== Segment start ==

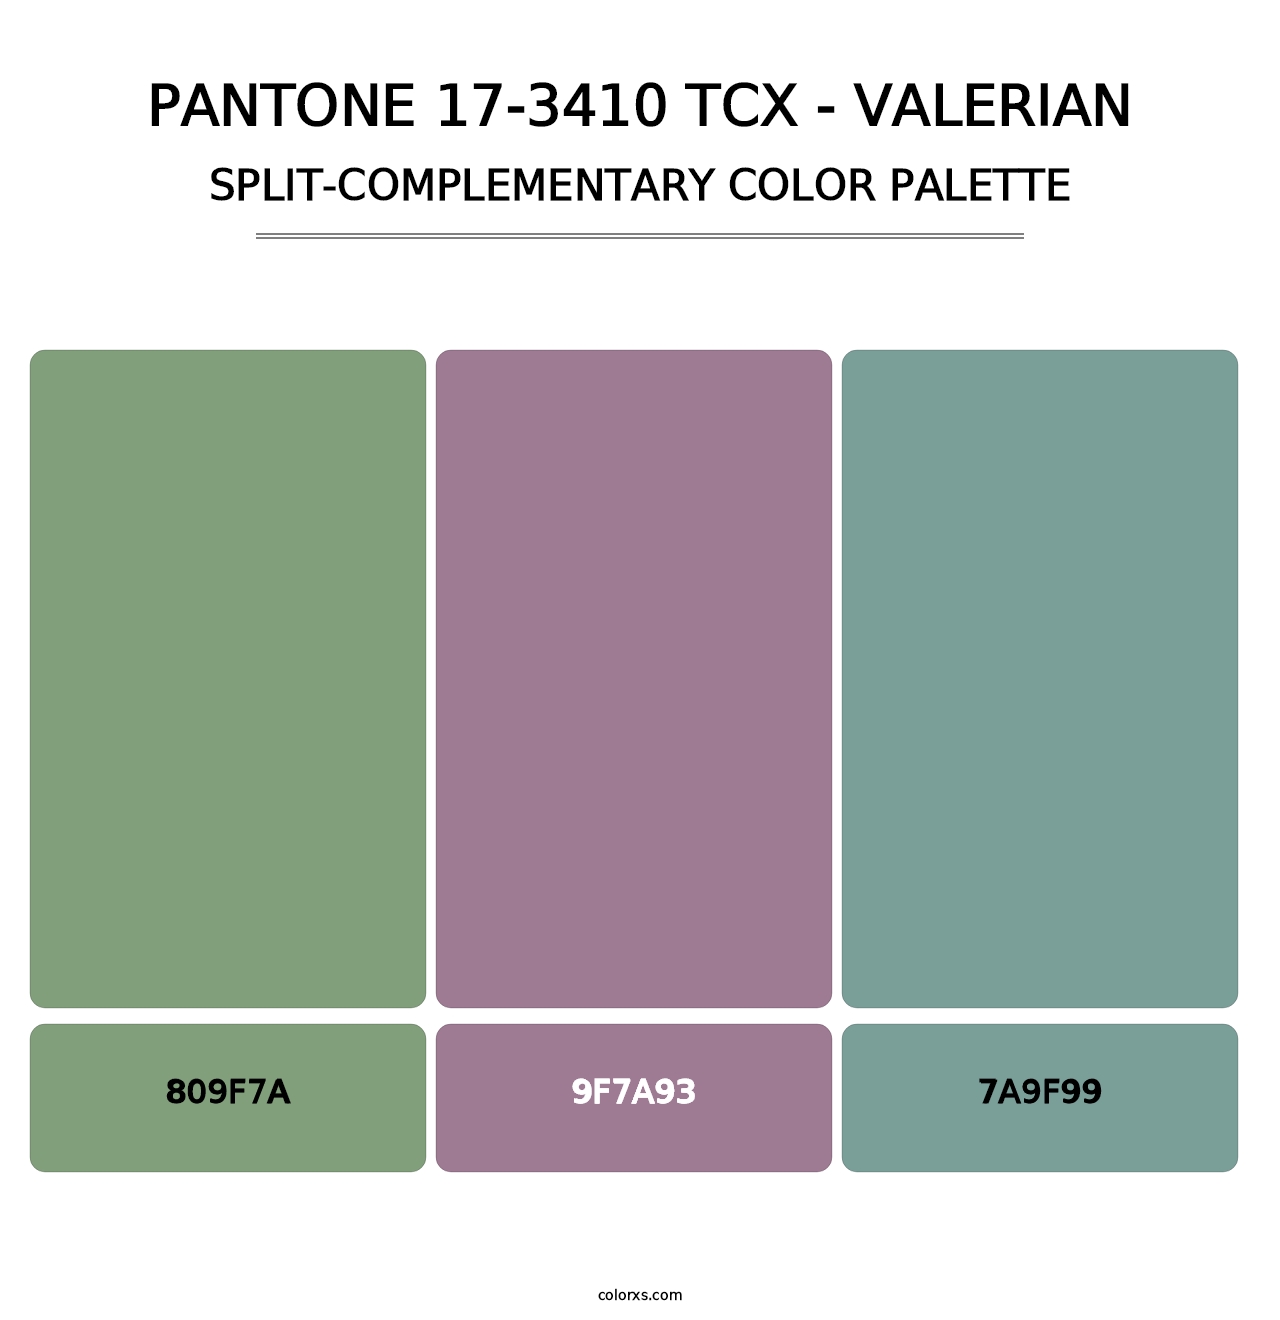 PANTONE 17-3410 TCX - Valerian - Split-Complementary Color Palette
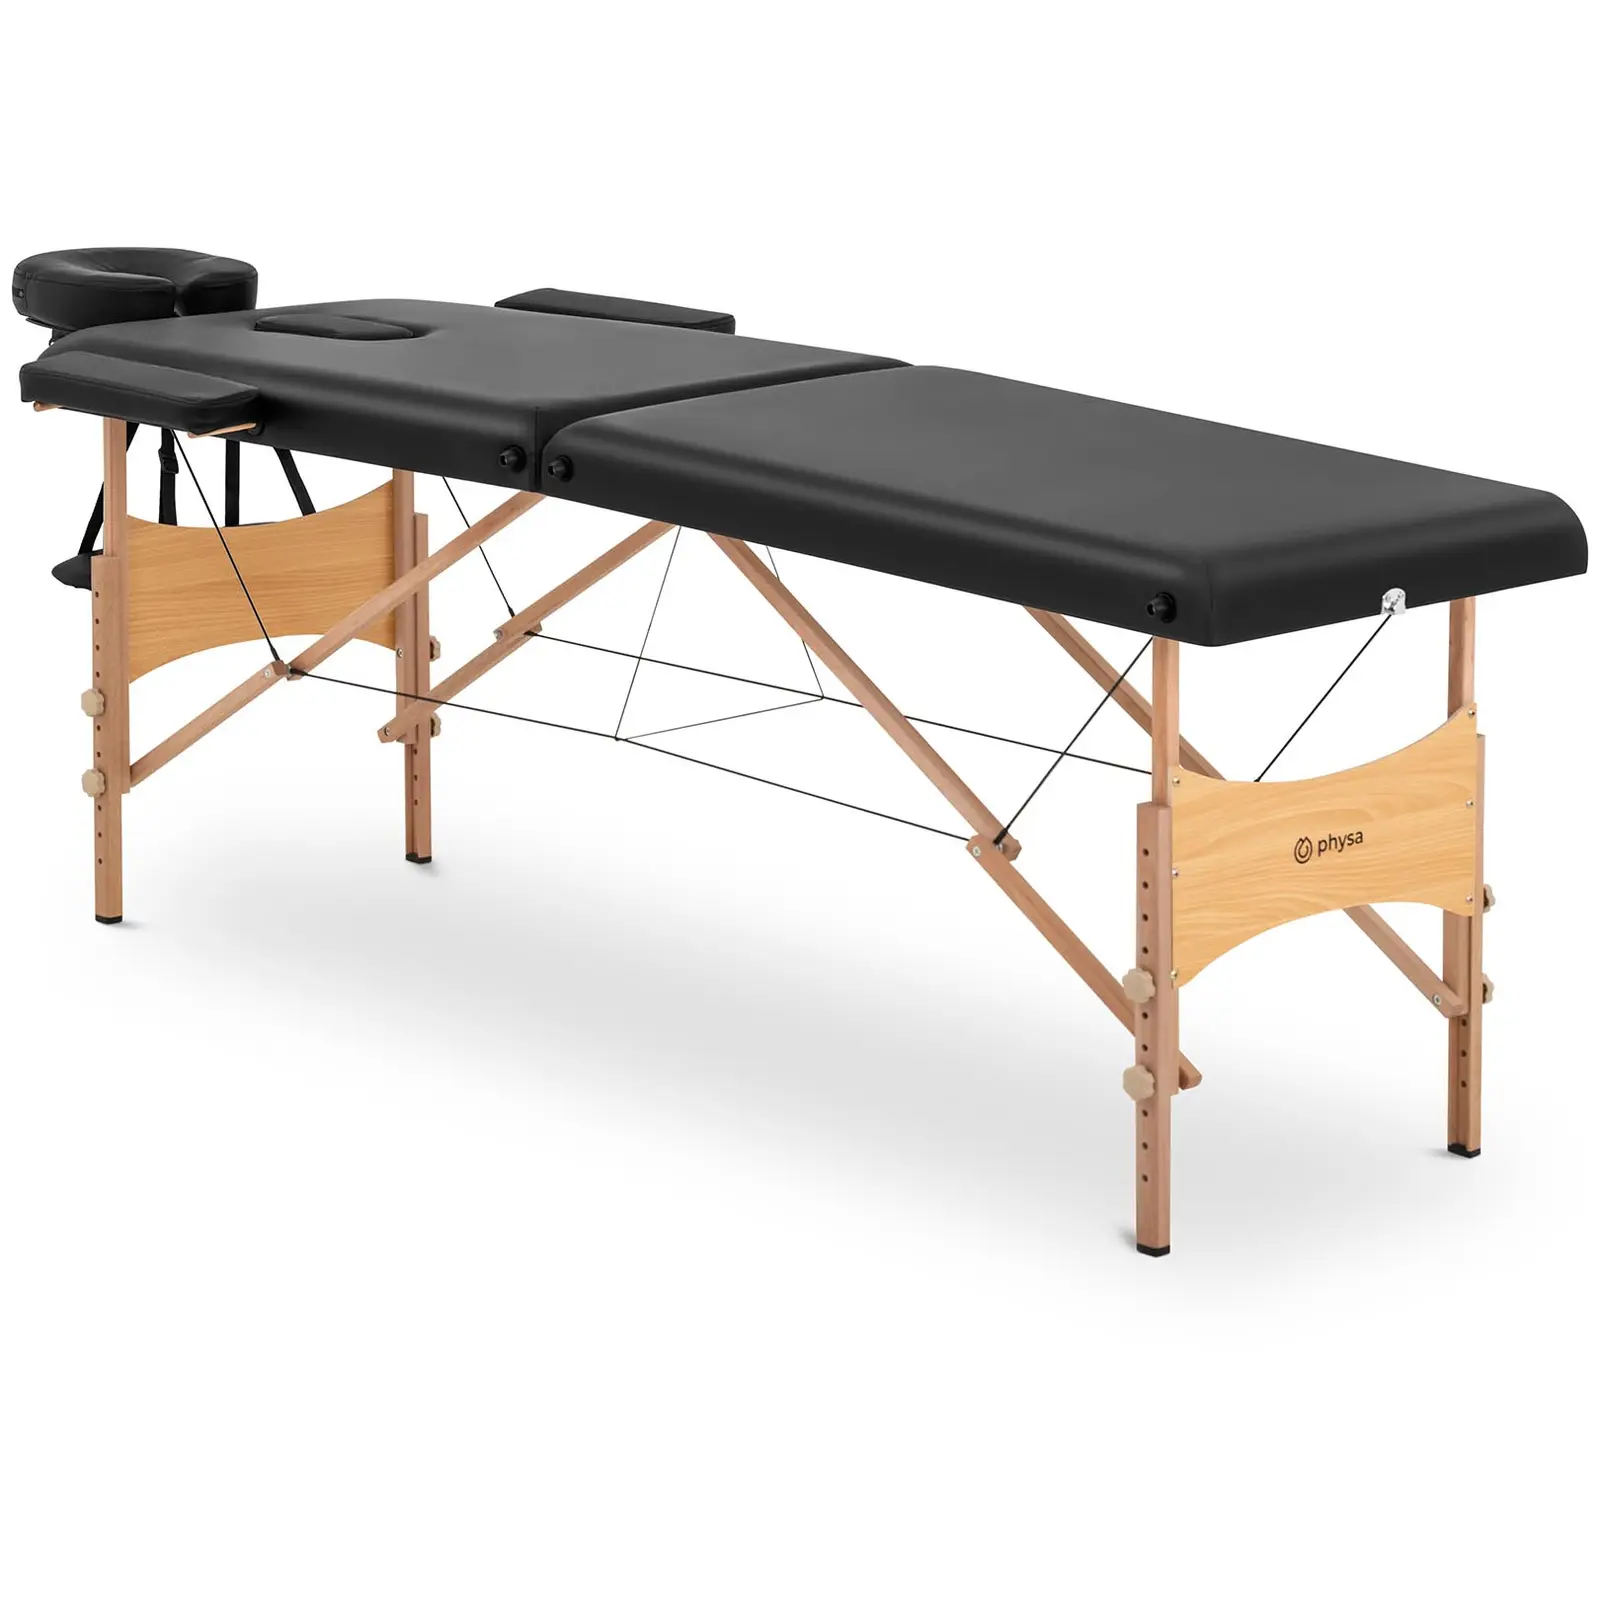 Łóżko do masażu składane - bardzo szerokie (70 cm) - odchylany zagłówek i podnóżek - drewno bukowe - czarne
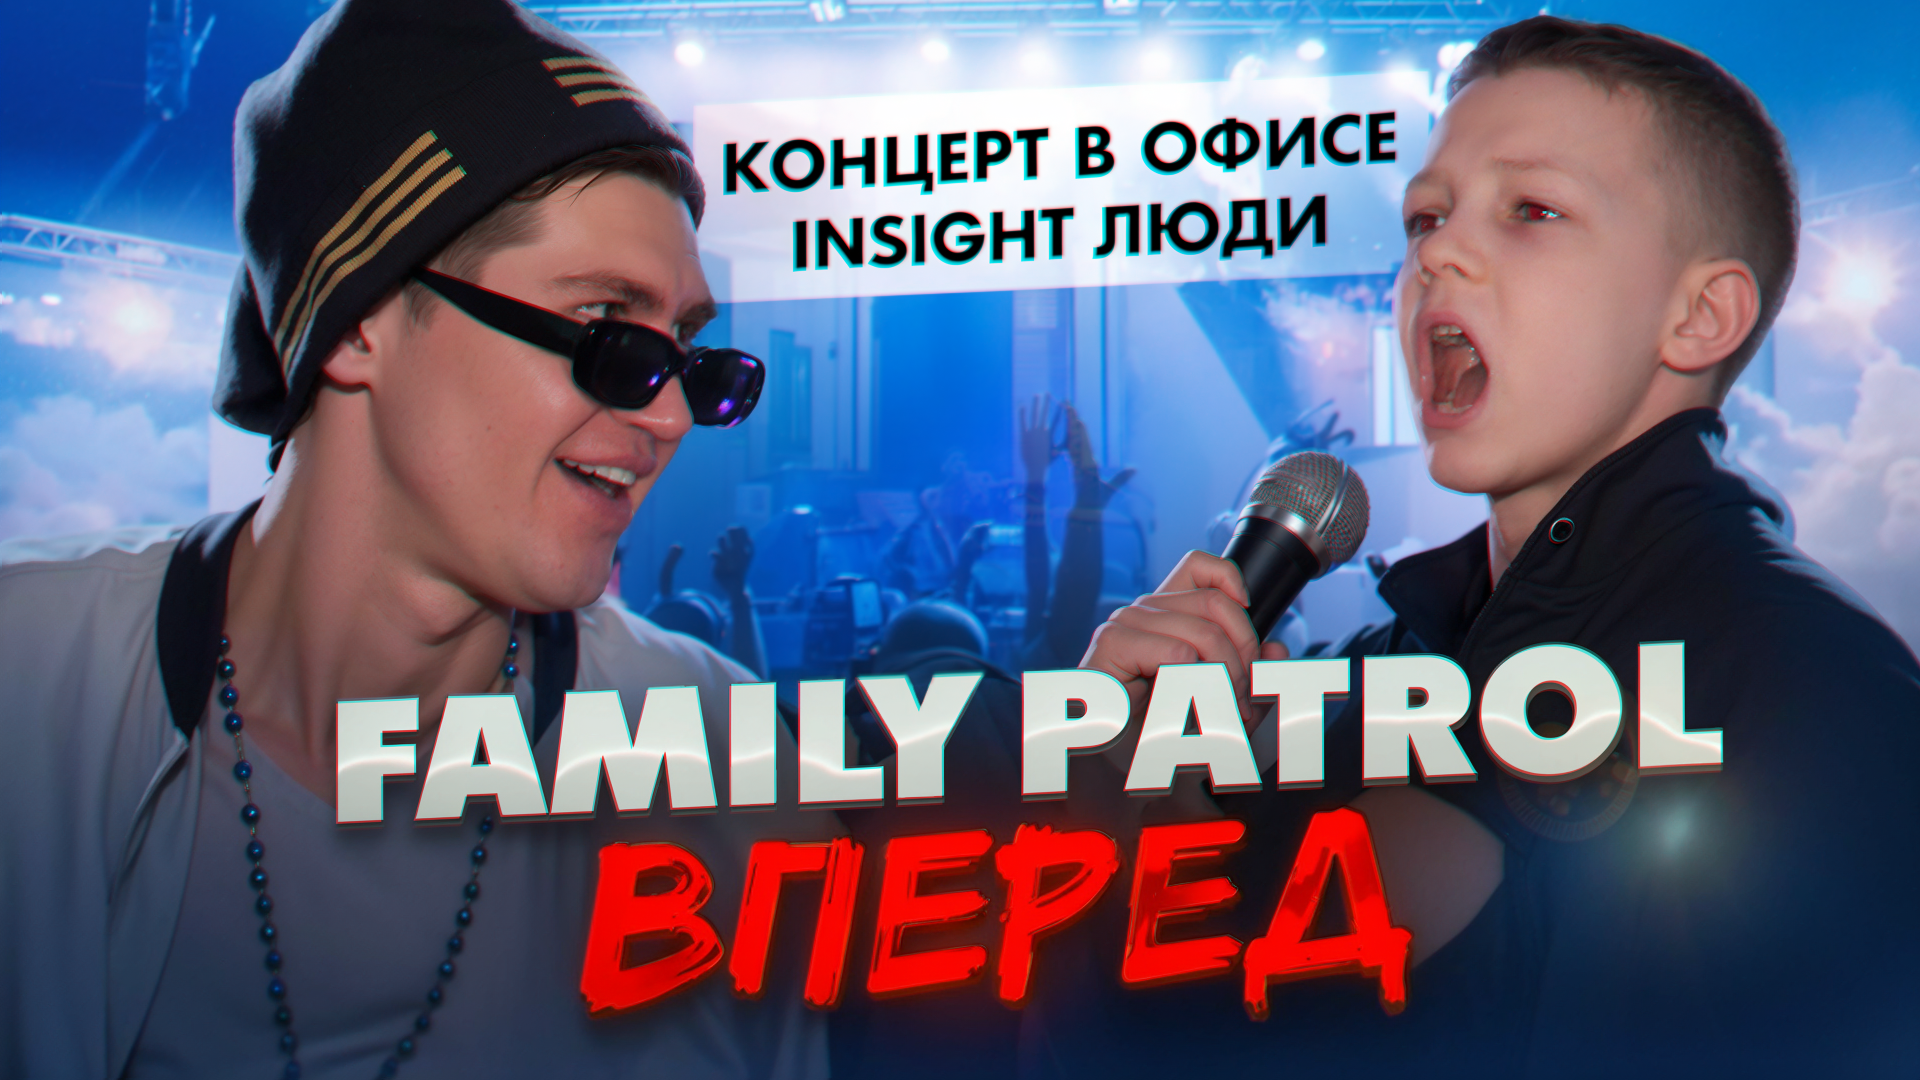 Елисей,перпый концерт с авторской песней FAMILY PATROL ВПЕРЕД

== Segment end ==

The task:
Restate the listing word for word and drop the pictures.

Answer:
 PANTONE 17-3410 TCX - Valerian - Split-Complementary Color Palette
 Łóżko do masażu składane - bardzo szerokie (70 cm) - odchylany zagłówek i podnóżek - drewno bukowe - czarne
 Елисей,перпый концерт с авторской песней FAMILY PATROL ВПЕРЕД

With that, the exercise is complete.